In [None]:
# Movie recommendation ML model (For Netflix, prime etc)

# 1. First we build the model and feed it sample data based on the existing users.
# 2. Our model will learn the patterns in our data so that we can ask it to make predictions
# 3. When a new user signs up, we ask our model, "Hey Weh have a new user with this profile. What kind of movies that this user will be interested in?"
# 4. Our model might then state or recommend : "Action movies", "Docuentaries" etc.

# The process to be followed:
# 1. Import the data
# 2. Clean the data
# 3. Split the data into training/ test sets
# 4. Create a model
# 5. Train the model
# 6. Make predictions
# 7. Evaluate and Improve


# As per the recommended amount for testing the accuracy , for testing : 20% of the dataset should be used and for training we have to use the rest of the 80%

In [36]:
#1. Import the data

import pandas as pd
from sklearn.tree import DecisionTreeClassifier
from sklearn.model_selection import train_test_split
from sklearn.metrics import accuracy_score

# The train_test_split will help us split the dataset into two sets, one for training and one for testing

movies_data = pd.read_csv("movies.csv")
X = movies_data.drop(columns = ['genre'])# X indicates input dataset, drop here make another dataset without the genre column
y = movies_data['genre']# y is the output dataset
x_train , x_test, y_train , y_test = train_test_split(X,y, test_size=0.2) # is the keyword argument that specifies the size of our test dataset, here 0.2 in other words means that we are allocating 20% of our dataset for testing

# When the above split is called , it will end up giving a tuple

model = DecisionTreeClassifier() #This is the ML algo from sckit that will help us perform the predictions
model.fit(x_train.values, y_train.values)# This method called fit takes two datasets, input dataset and output dataset



predictions = model.predict(x_test.values)# This takes a two dimensional array, 21 years and 1 -male
score = accuracy_score(y_test, predictions)
score 

# To get the accuracy of the model , we will compare the predictions given by the model with the actual values of y_test


1.0

In [42]:
# # Model Perisistance
# 1.As soon as we train our model, we save it to a file.
# 2.Next time we want to make predictions, we simply load the model from the file and ask it to make predictions
# 3.We can do that because that model is already trained. So we do not have to re-train it again again.
# 4.The file acts like snapshot of a skilled professional --once they have mastered a task, you can call on them anytime to perform it without
# needing to retrain or reteach them everytime.

#1. Import the data

import pandas as pd
from sklearn.tree import DecisionTreeClassifier
import joblib # The package has methods for saving and loading models

# The train_test_split will help us split the dataset into two sets, one for training and one for testing

# movies_data = pd.read_csv("movies.csv")
# X = movies_data.drop(columns = ['genre'])# X indicates input dataset, drop here make another dataset without the genre column
# y = movies_data['genre']# y is the output dataset

# model = DecisionTreeClassifier()
# model.fit(x_train.values, y_train.values)# This method called fit takes two datasets, input dataset and output dataset

model = joblib.load('movie-recommender.joblib')
predictions = model.predict([[29,0]])
predictions


# What is Joblib?
# 1. To put it simply , it is a binary file.
# 2. It saves the model in a compressed, effiicient binary format, which makes it faster to store and load, especially for larger models
# or datasets.
# 3. It is great because it is fast and handles large models well.

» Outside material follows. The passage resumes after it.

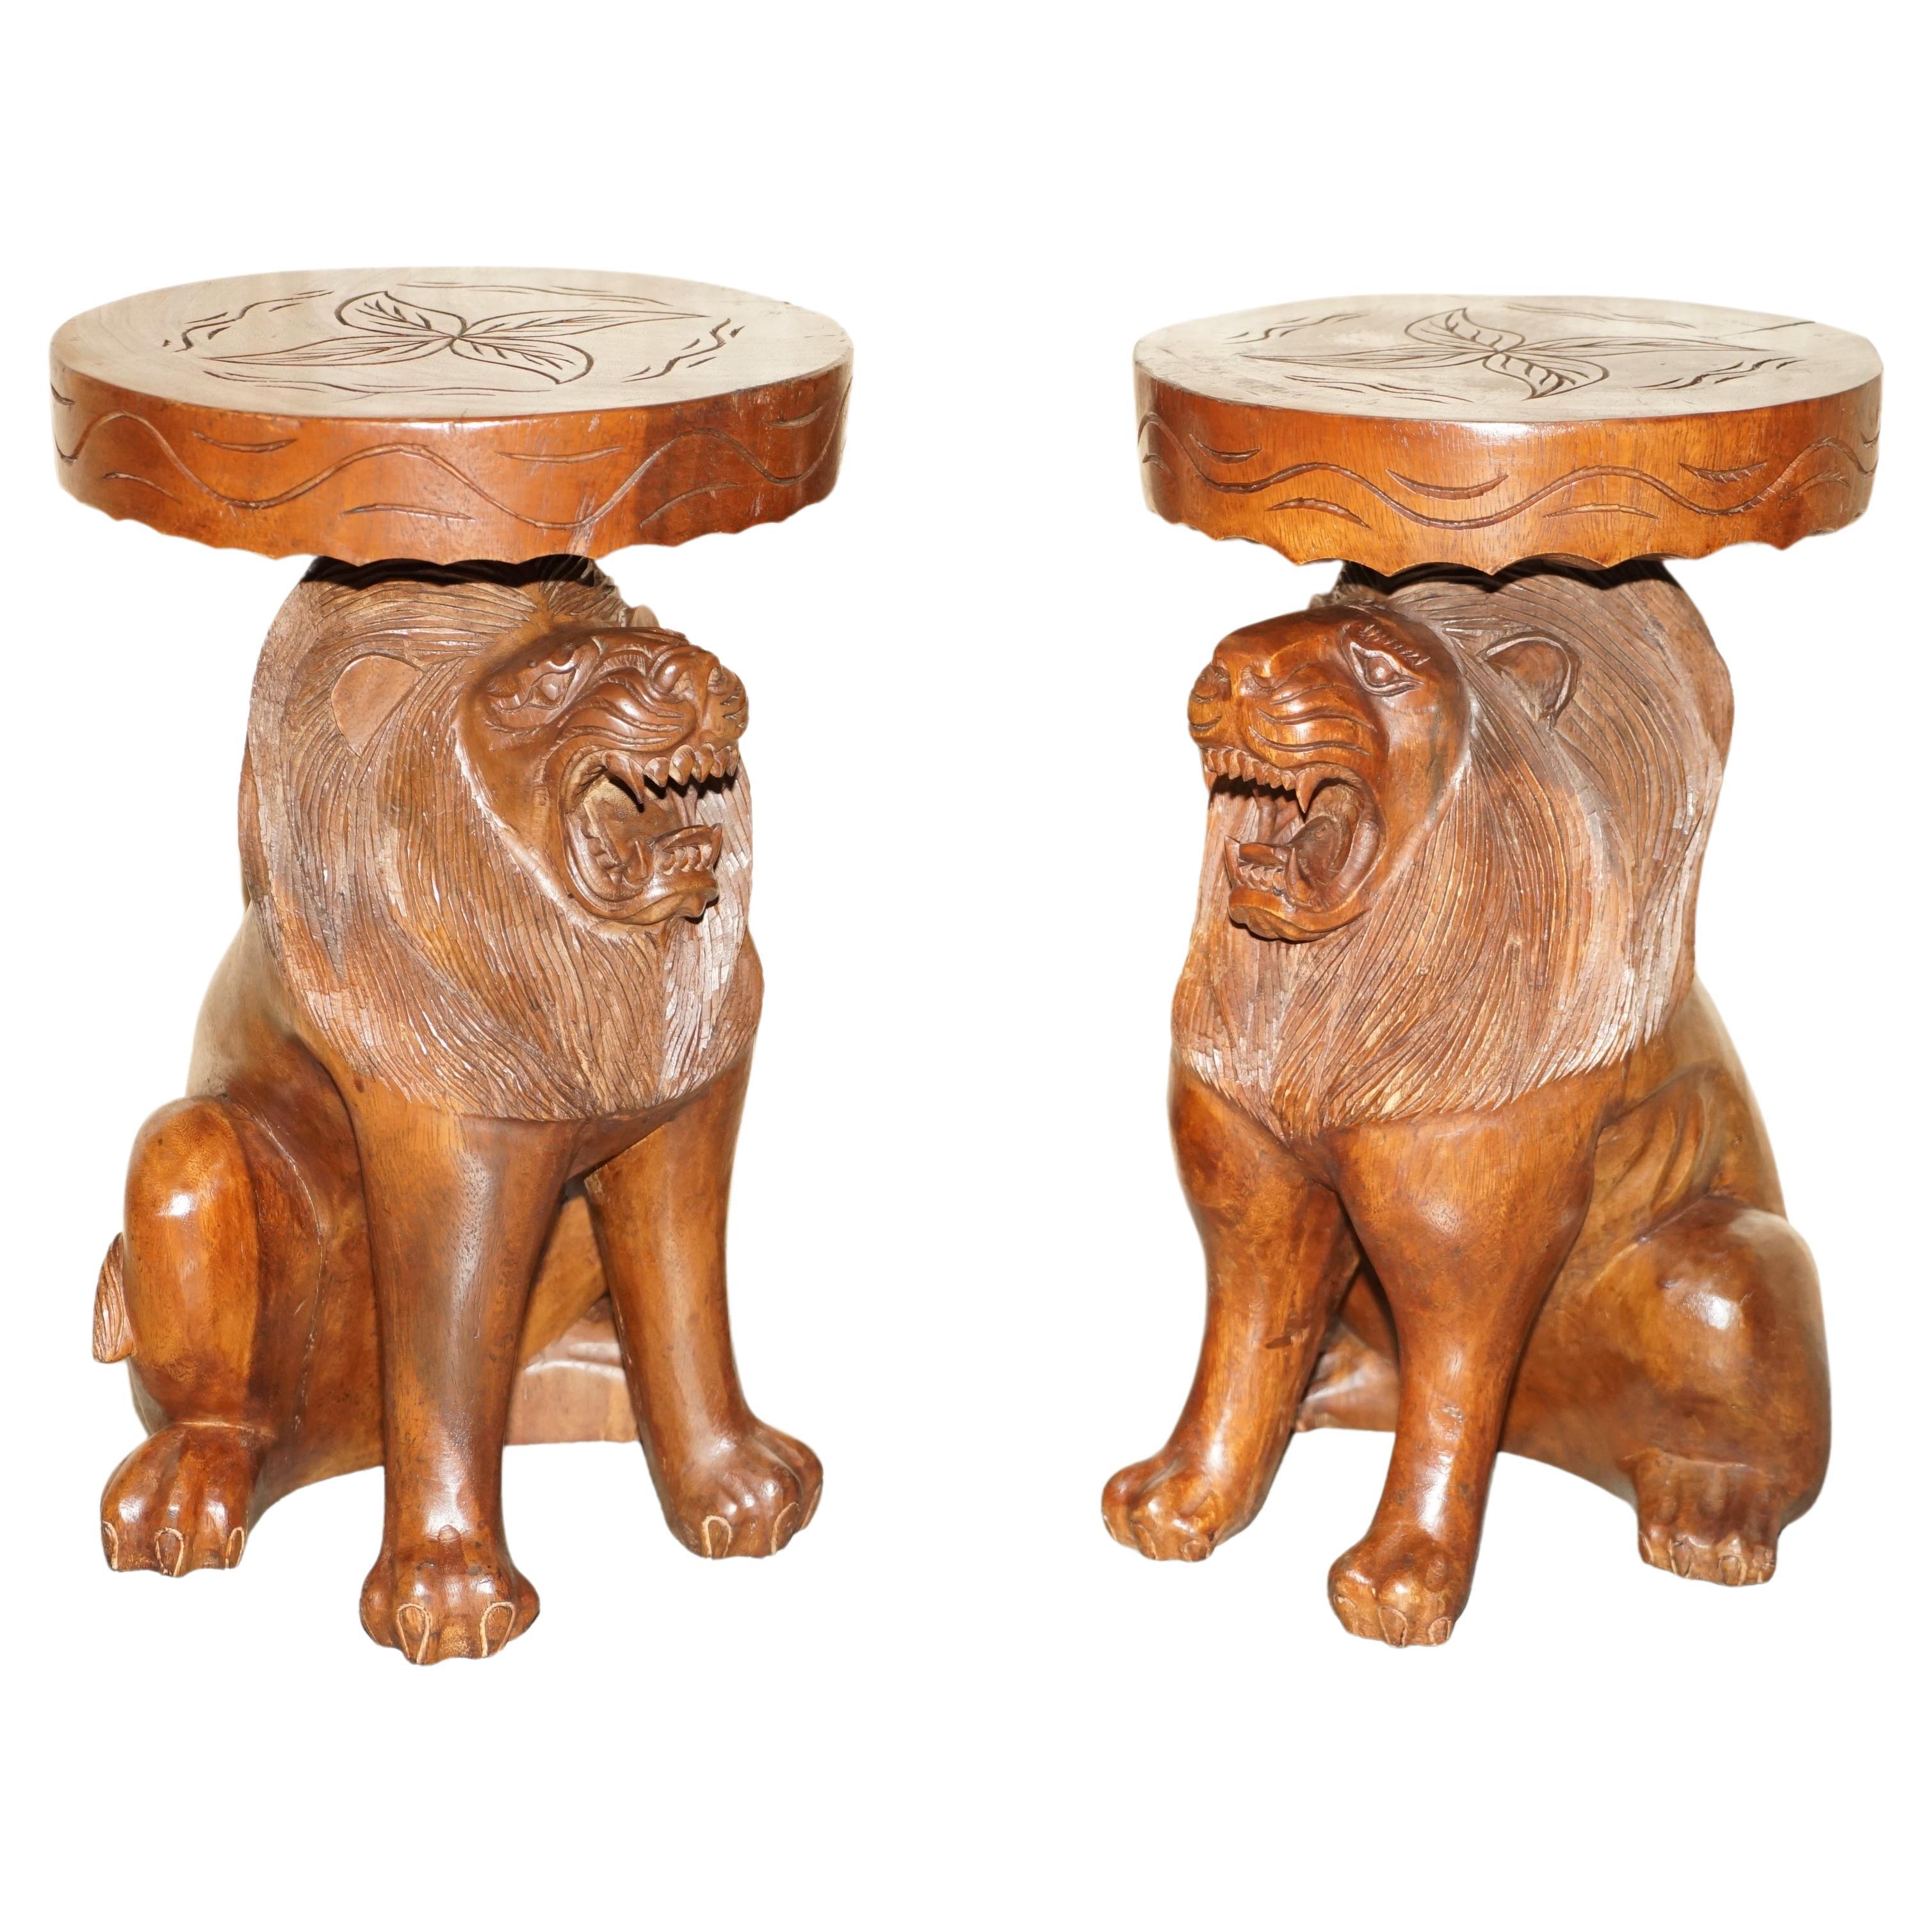 Paire de tabourets d'époque en forme de lions mâles sculptés à la main avec des décorations originales sur toute leur surface.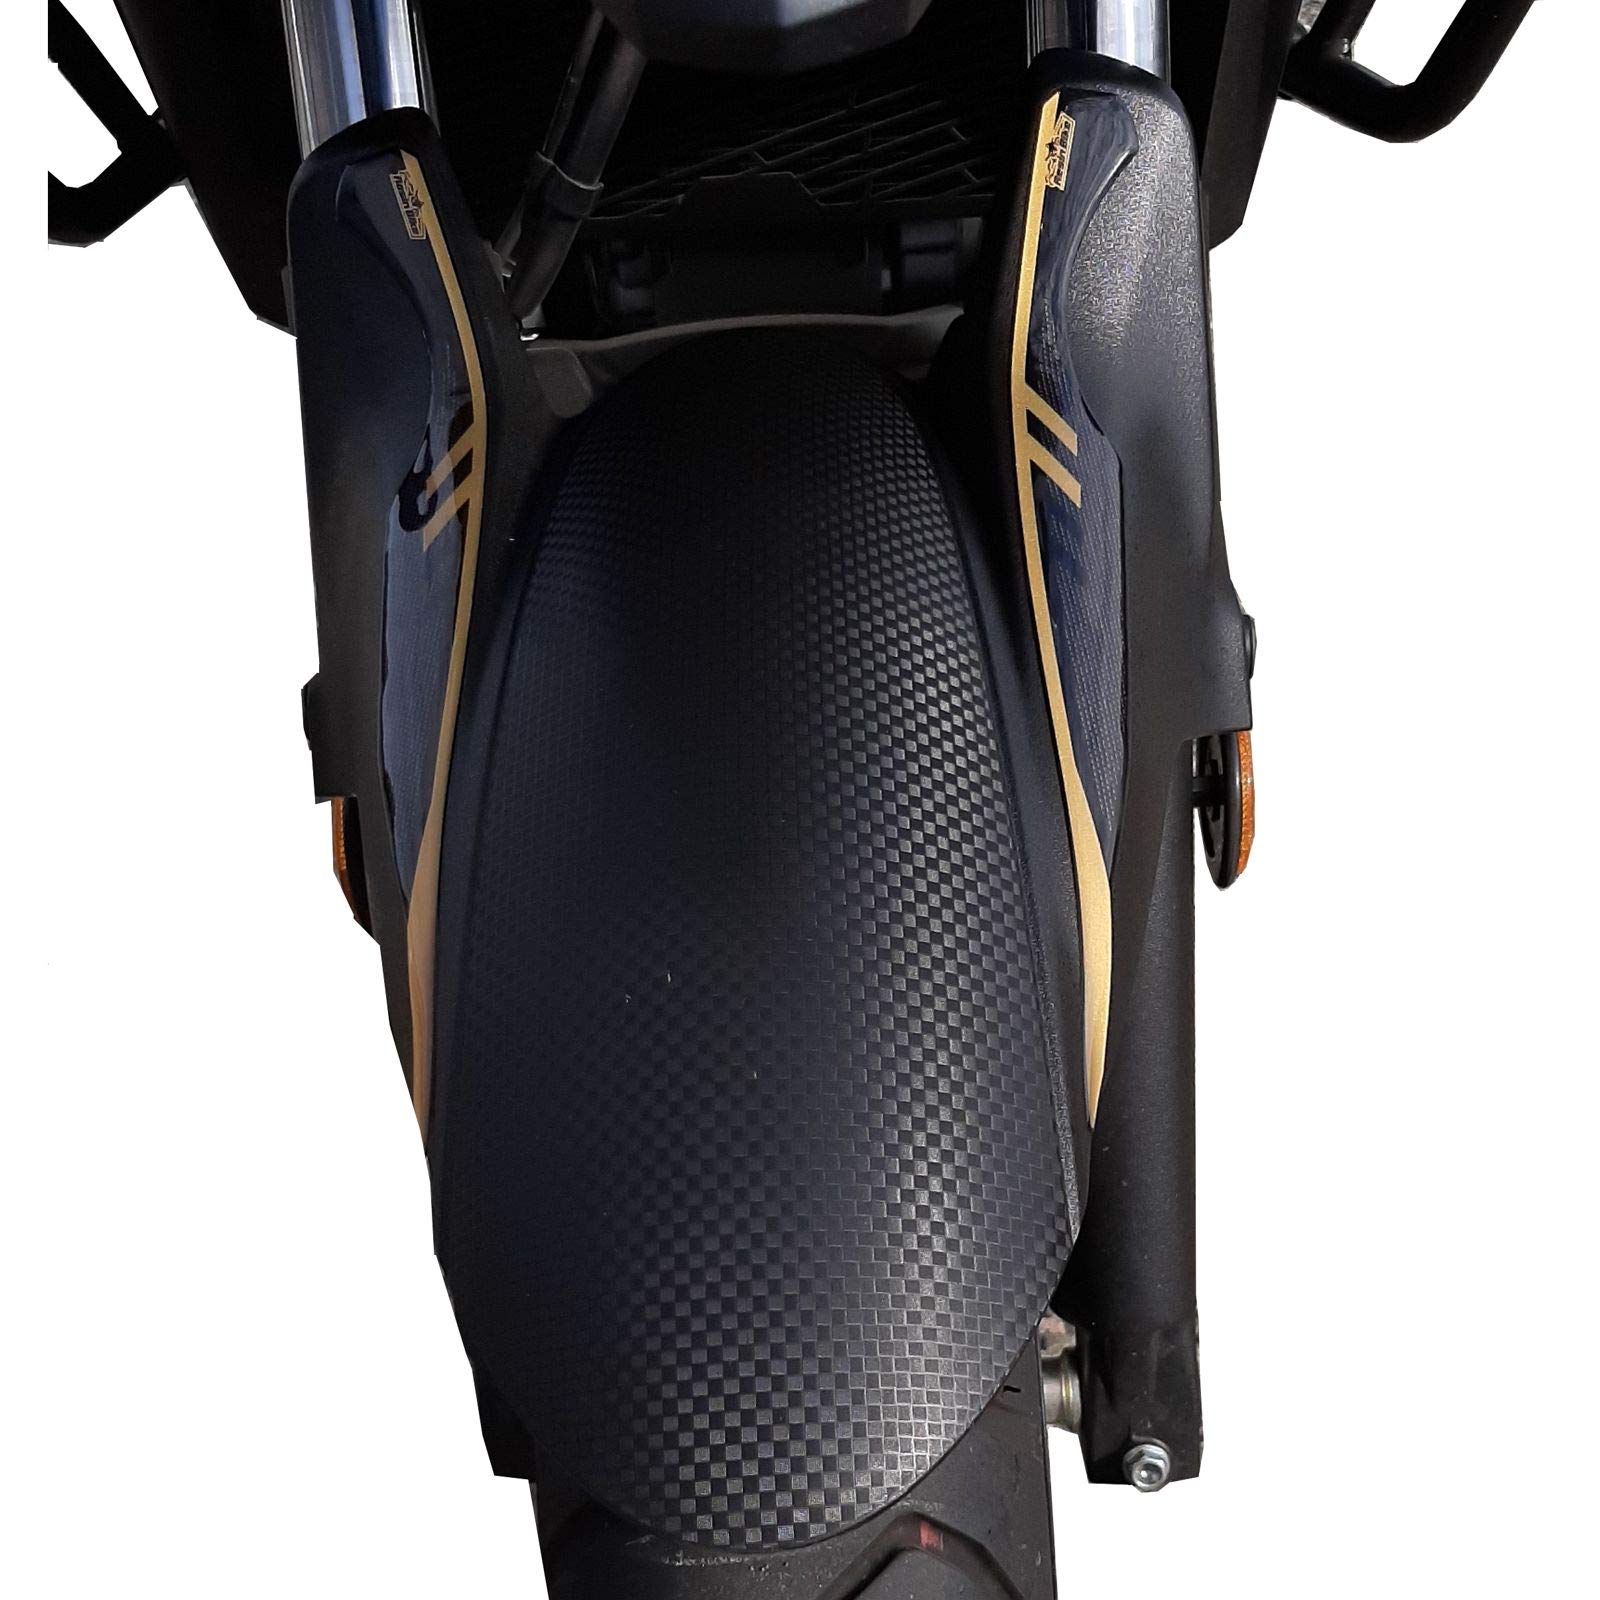 Resin Bike Aufkleber für Motorrad Kompatibel mit Suzuki V-Strom 650 XT ABS 2020 2021. Kotflügelschutz vor Stößen und Kratzern. 3D-Harzklebstoff - Stickers - Made in Italy von Resin Bike

# predictions = model.predict(x_test.values)# This takes a two dimensional array, 21 years and 1 -male





array(['Documentary'], dtype=object)

In [43]:
# Visualising decision trees

import pandas as pd
from sklearn.tree import DecisionTreeClassifier
from sklearn import tree

movies_data = pd.read_csv("movies.csv")
X = movies_data.drop(columns = ['genre'])# X indicates input dataset, drop here make another dataset without the genre column
y = movies_data['genre']

model = DecisionTreeClassifier()
model.fit(X.values, y.values)

tree.export_graphviz(model,out_file = 'movies-recommender.dot', feature_names=['age','gender'], class_names = sorted(y.unique()), label = 'all', rounded=True, filled=True)

# 1. feature_names:
# It tells the model what each input represents. In our case, we have two inputs-'age' and 'gender'.
# By passing these as feature_names, we ensure the decision tree uses these labels when showing how it splits and makes decisions.

# 2.class_names :
# class_names tells the model what each possible prediction is. In our case the model predicts movie genres, like 'Action', 'Sci-Fi','Drama' etc 
# By passing these as class_names, we can see these labels in the decision tree, showing which genre the model predicts at each step.

# filled - fills the node with color
# rounded - nodes to have rounded corners
# label - to label all the nodes in the decision trees.